▶ [TASK DESCRIPTION]: Reproduce the listing below as it stands. Leave out each image.

▶ [EXERCISE DATA]:
►

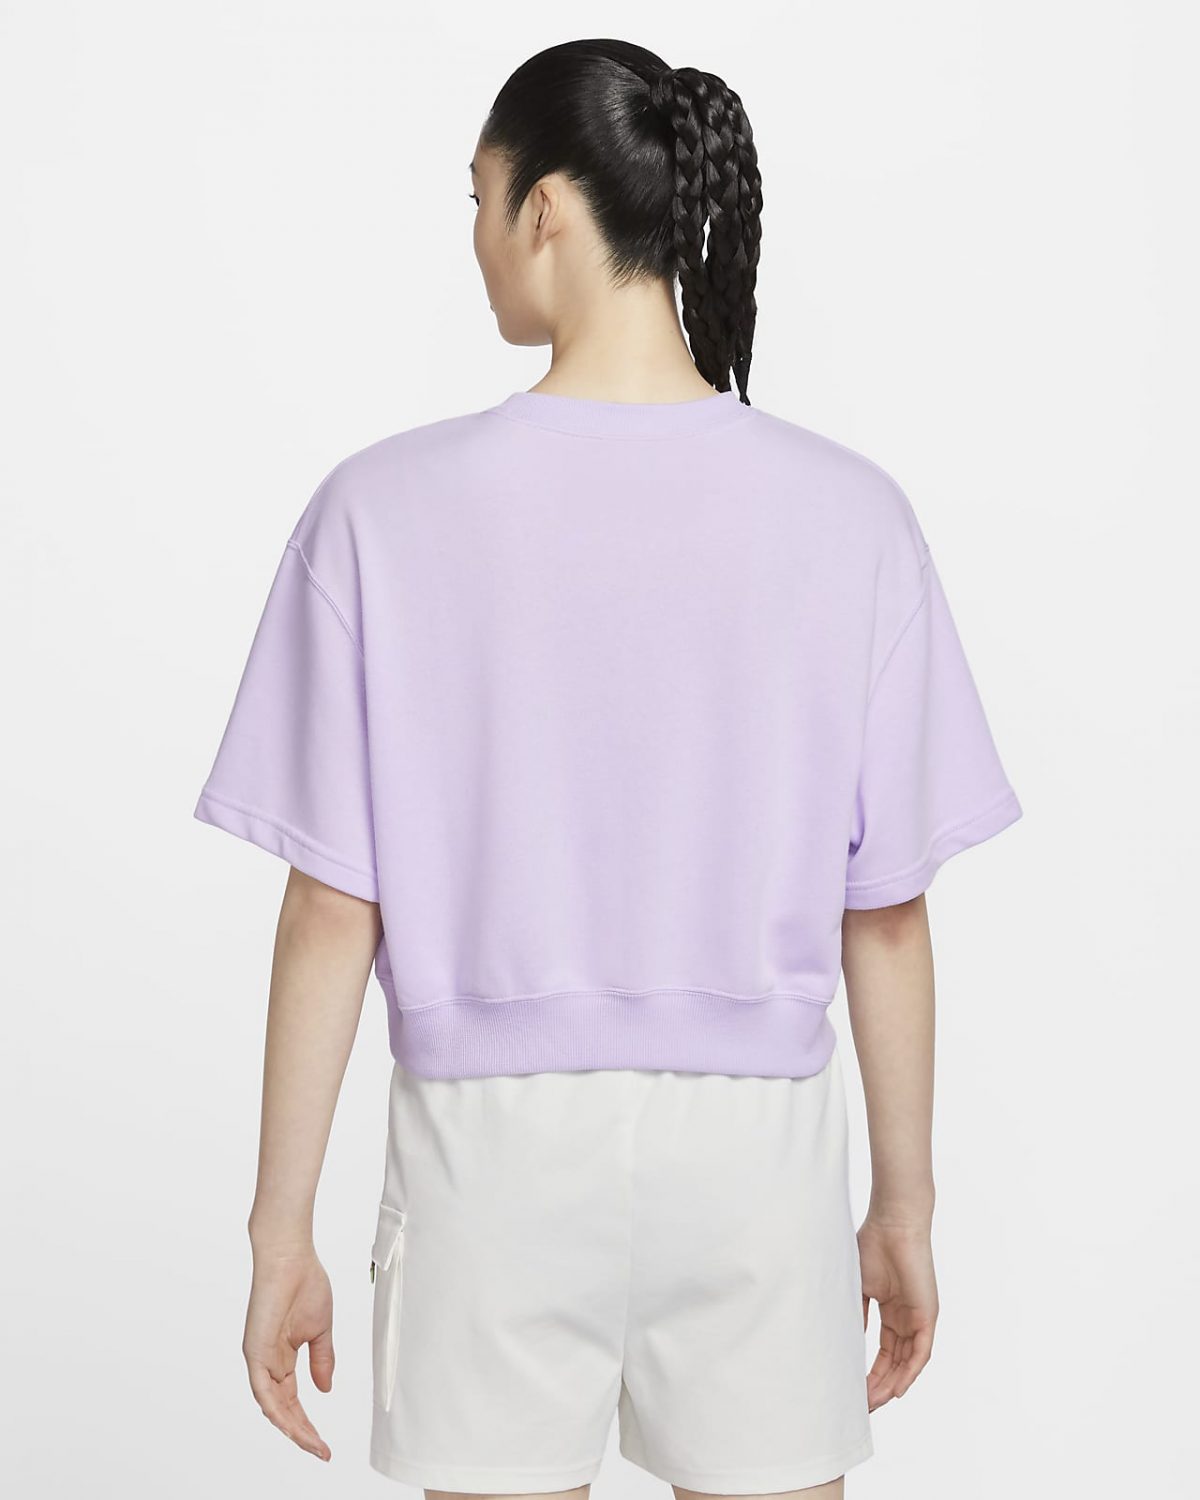 Женский топ Nike Sportswear фиолетовый фотография
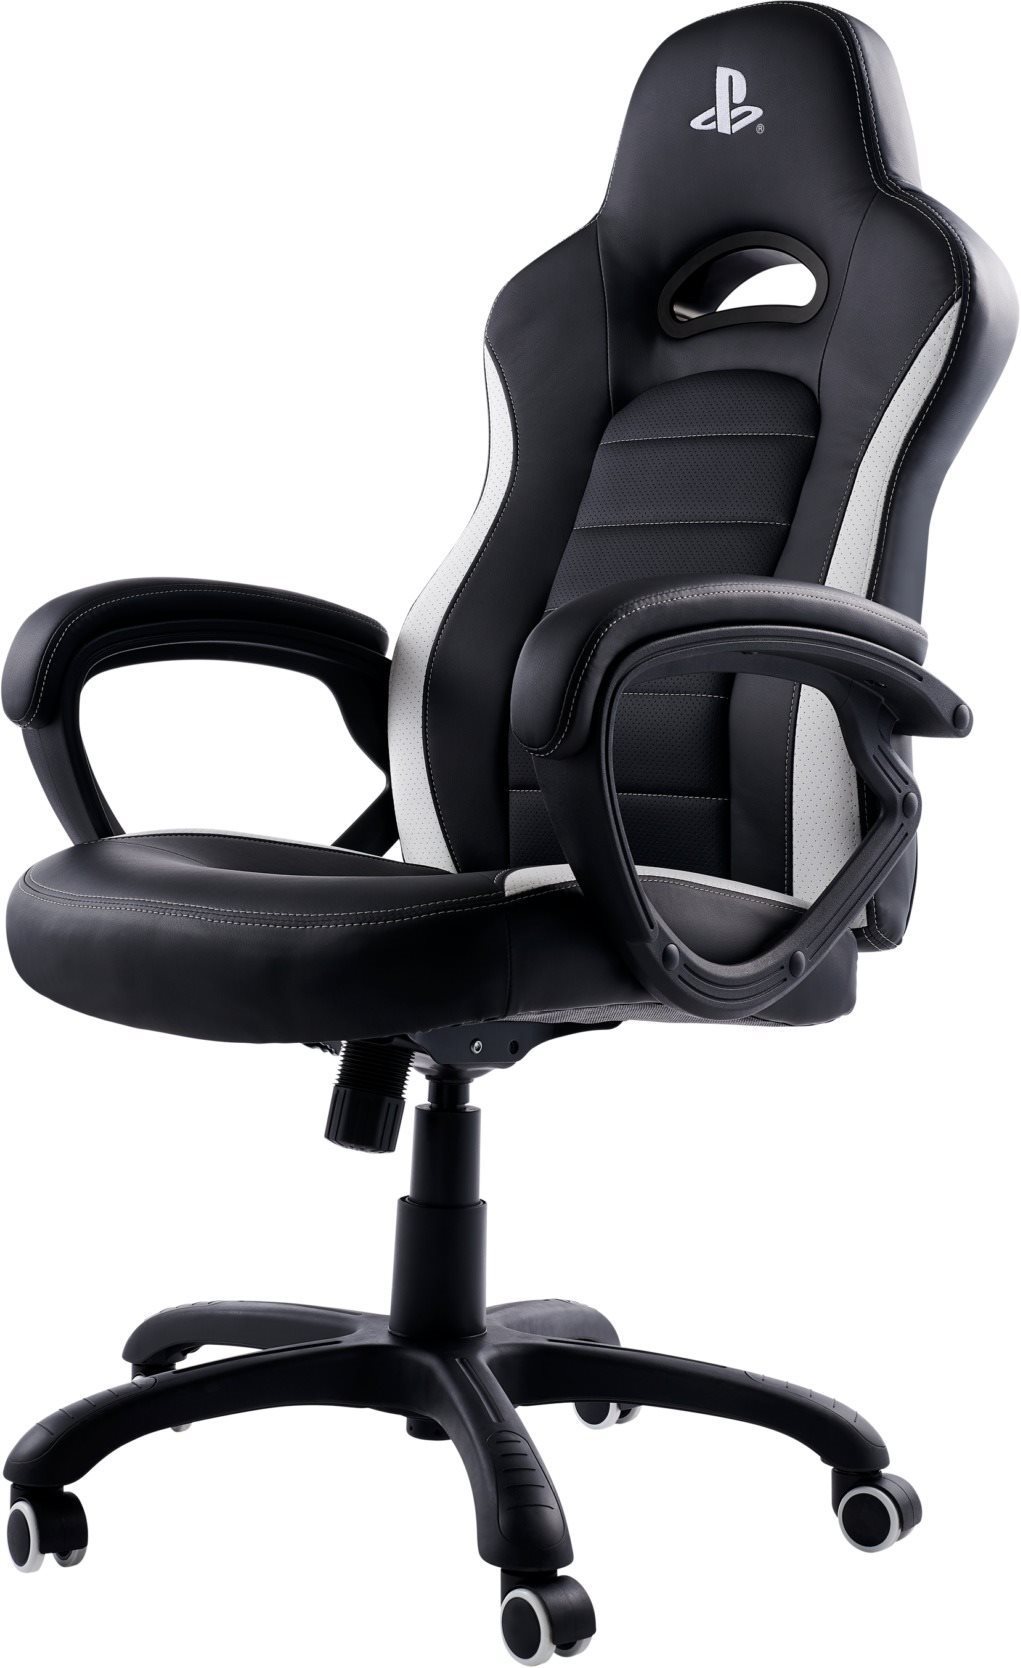 Nacon Gaming Chair - PlayStation
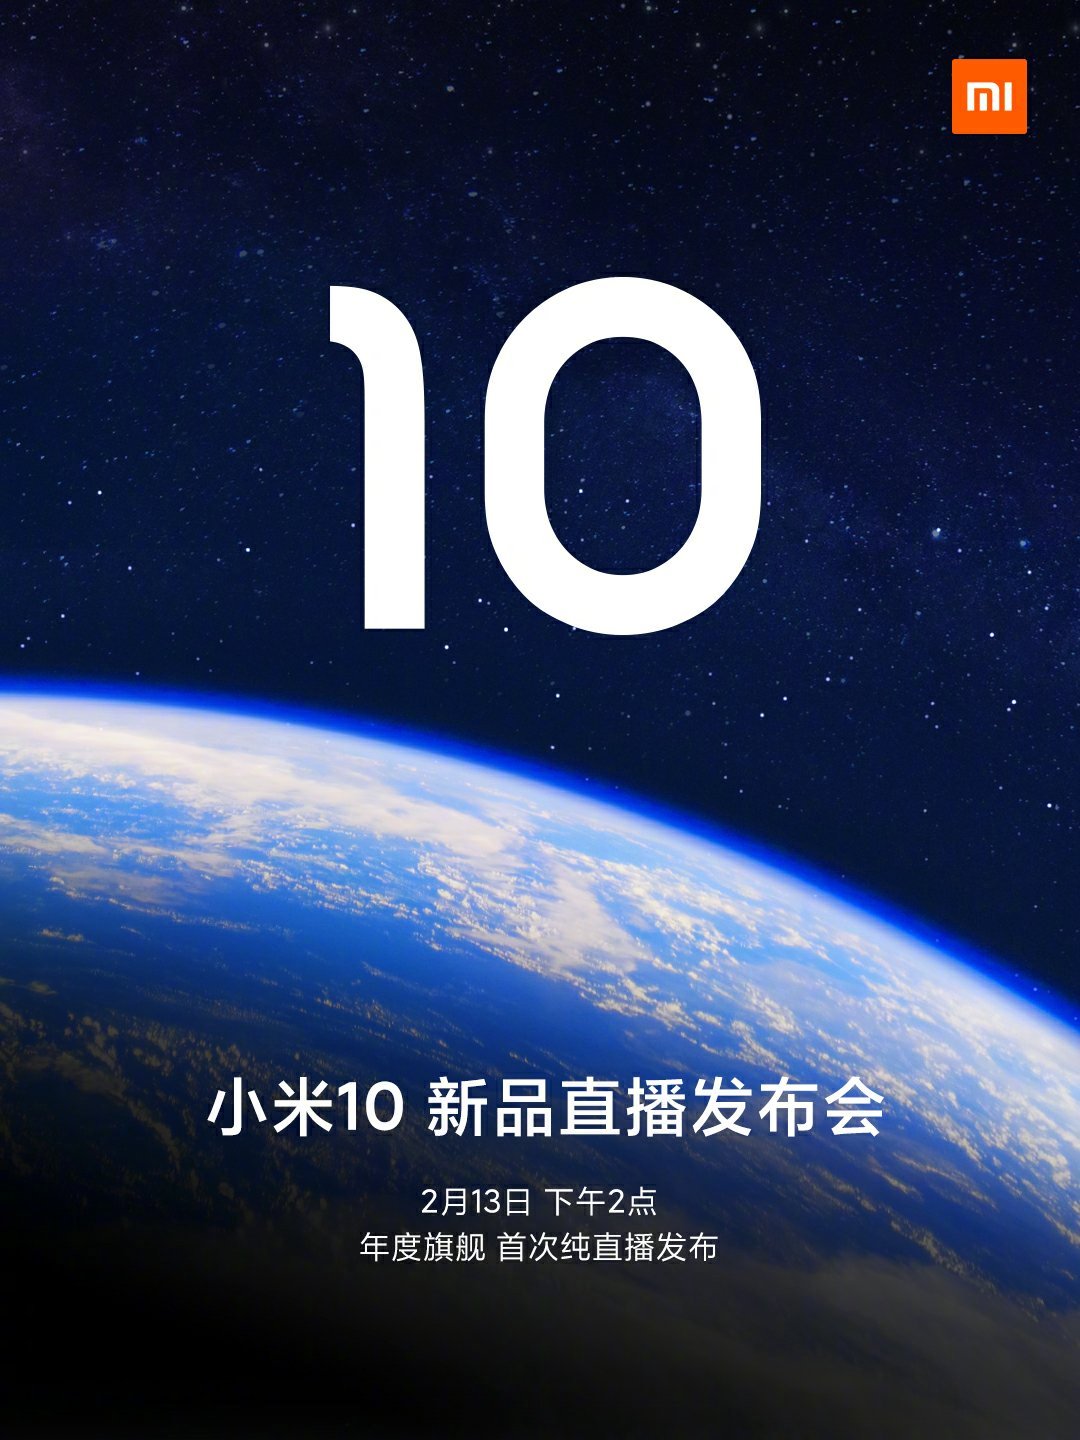 Xiaomi Mi 10 invitation

◄

▶ [OUTPUT FOR THIS EXERCISE]:
 Женский топ Nike Sportswear фиолетовый фотография
 Nacon Gaming Chair - PlayStation
 Xiaomi Mi 10 invitation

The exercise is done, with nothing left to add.